To use Plan mode with large files, increase Lemonade Server's context size:
- Stop Lemonade Server: Use the tray icon to "Quit Lemonade" or close any running Lemonade Server processes.
-
Restart with higher context size: Open a terminal and run:
lemonade-server serve --ctx-size 8192
-
Use Plan mode in VS Code: Select the "Plan" option in Continue, enter your prompt and press Alt+Enter to include the currently active file as context.
Input: What improvements could be made to this game?
Example 3: Agent Mode - Improving the Game
Lastly, we'll use Agent Mode to take action to change the code to implement improvements.
Here, we can see that the agent edited the code in main.py
to improve the gameplay and add colors.
Best Practices
Setup & Configuration
- Install Lemonade Server: Follow the setup guide to install and configure Lemonade Server before you begin development.
- Download Models Locally: Use
lemonade-server pull <model-name>
to install models you want to use.
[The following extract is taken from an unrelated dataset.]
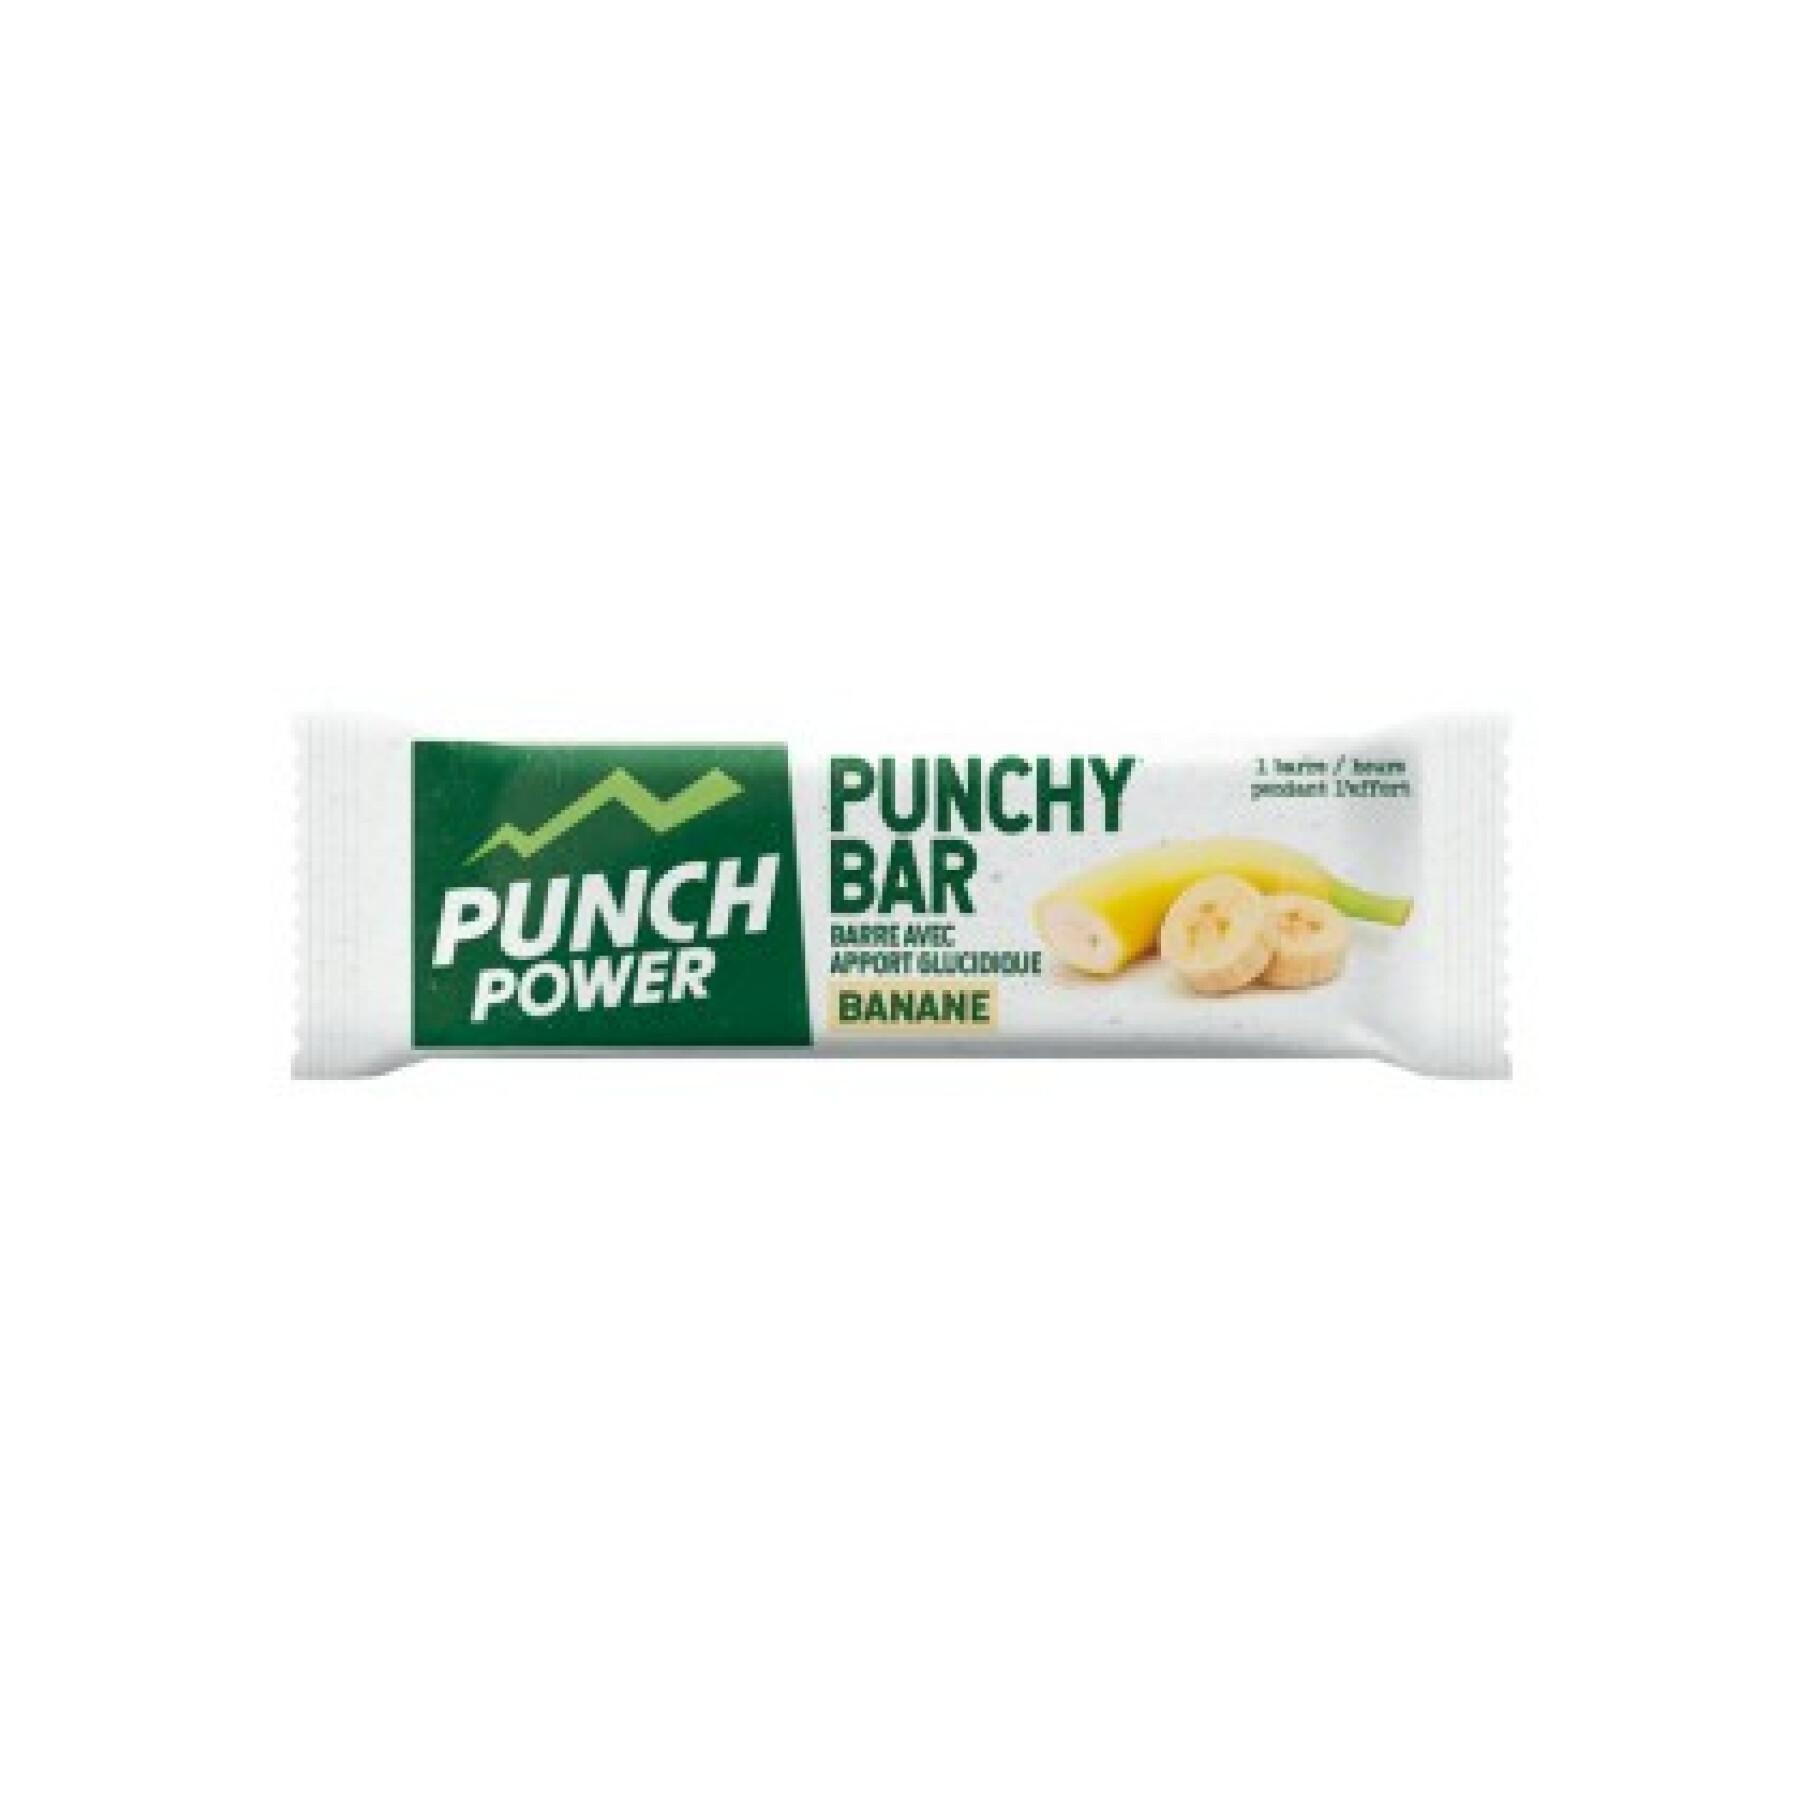 Display 40 energy bars Punch Power Punchybar Banane

Refer to the supported models list for available options. - Pre-load Models: Start Lemonade Server and load your models before coding sessions. This can easily be done using the Lemon tray icon and
Load
. - Increase Context Size for Agent Mode: For large code changes with GGUF models, start Lemonade Server with a higher context size:
lemonade-server serve --ctx-size 8192
- Create Custom Assistants: Build assistants tailored to specific languages or domains (e.g., JavaScript/TypeScript for Node.js projects) for more relevant results.
- Customize Scoping: See Continue Customization for tips on effective assistant and model scoping.
Development Workflow
- Start New Conversations for Each Feature: Begin a fresh chat for every new feature or task. Clear chat history when switching topics to keep interactions focused.
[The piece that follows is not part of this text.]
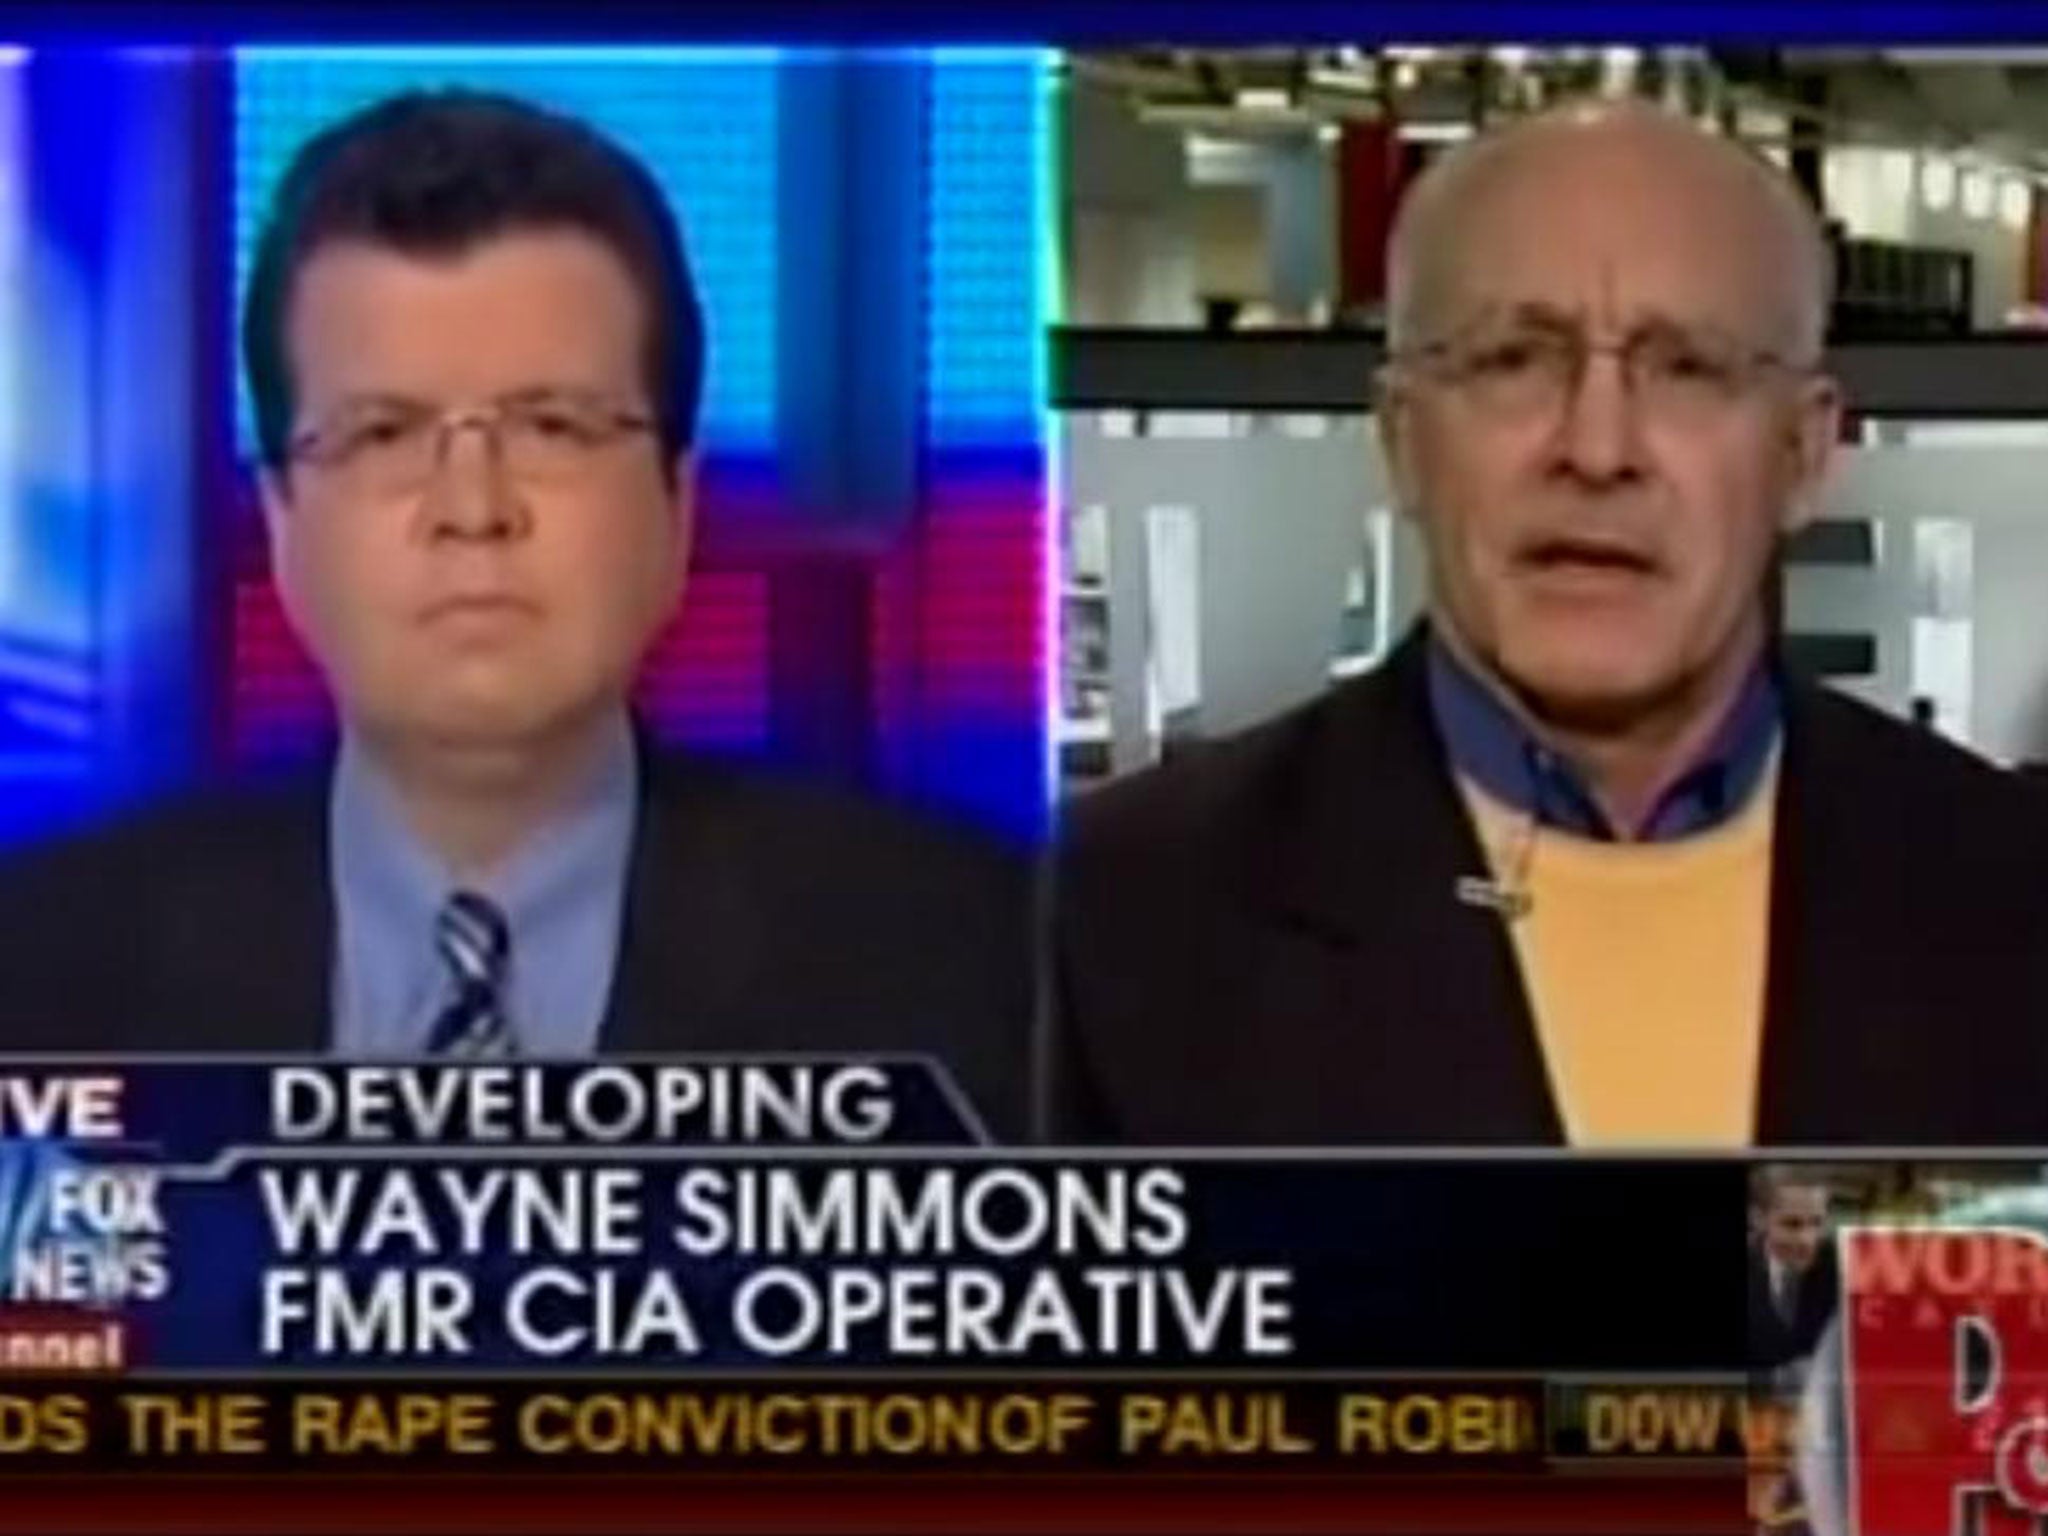 Wayne Simmons appearing on Fox News

- Keep Prompts Focused: Only include the code and context relevant to your current task. This helps the model provide accurate and useful responses.
- Write Clear, Detailed Prompts: Structure your requests with a clear task description, specific requirements, and any technical constraints.
- Use Agent Mode for Multi-File Changes: Invoke agent mode with the
@
symbol to perform refactoring or changes across multiple files. - Be Specific in Your Requests: Move from broad prompts ("Create a game") to detailed ones ("Create an Asteroids game in Python using Pygame, under 300 lines, with ship controls and asteroid splitting").
- Iterate and Test Frequently: Generate an initial implementation, test it right away, and refine with targeted follow-up prompts.
- Leverage Unlimited Iterations: With local models, you can iterate as many times as needed for continuous improvement.
Common Issues
Model not appearing in Continue
- Make sure Lemonade Server is running and the model is loaded locally.
- Double-check the supported models list and install any missing models with:
lemonade-server pull <model-name>
Slow response times
- Pre-load your model before starting coding sessions.
- Check your system's available RAM and close unused applications to free up resources.
Missing error handling in generated code
- In your prompt, explicitly request: "with comprehensive error handling" to ensure the model adds proper error checks.
Inconsistent code style
- Provide a sample or example of your desired code style in your prompt. The model will use this as a reference for formatting.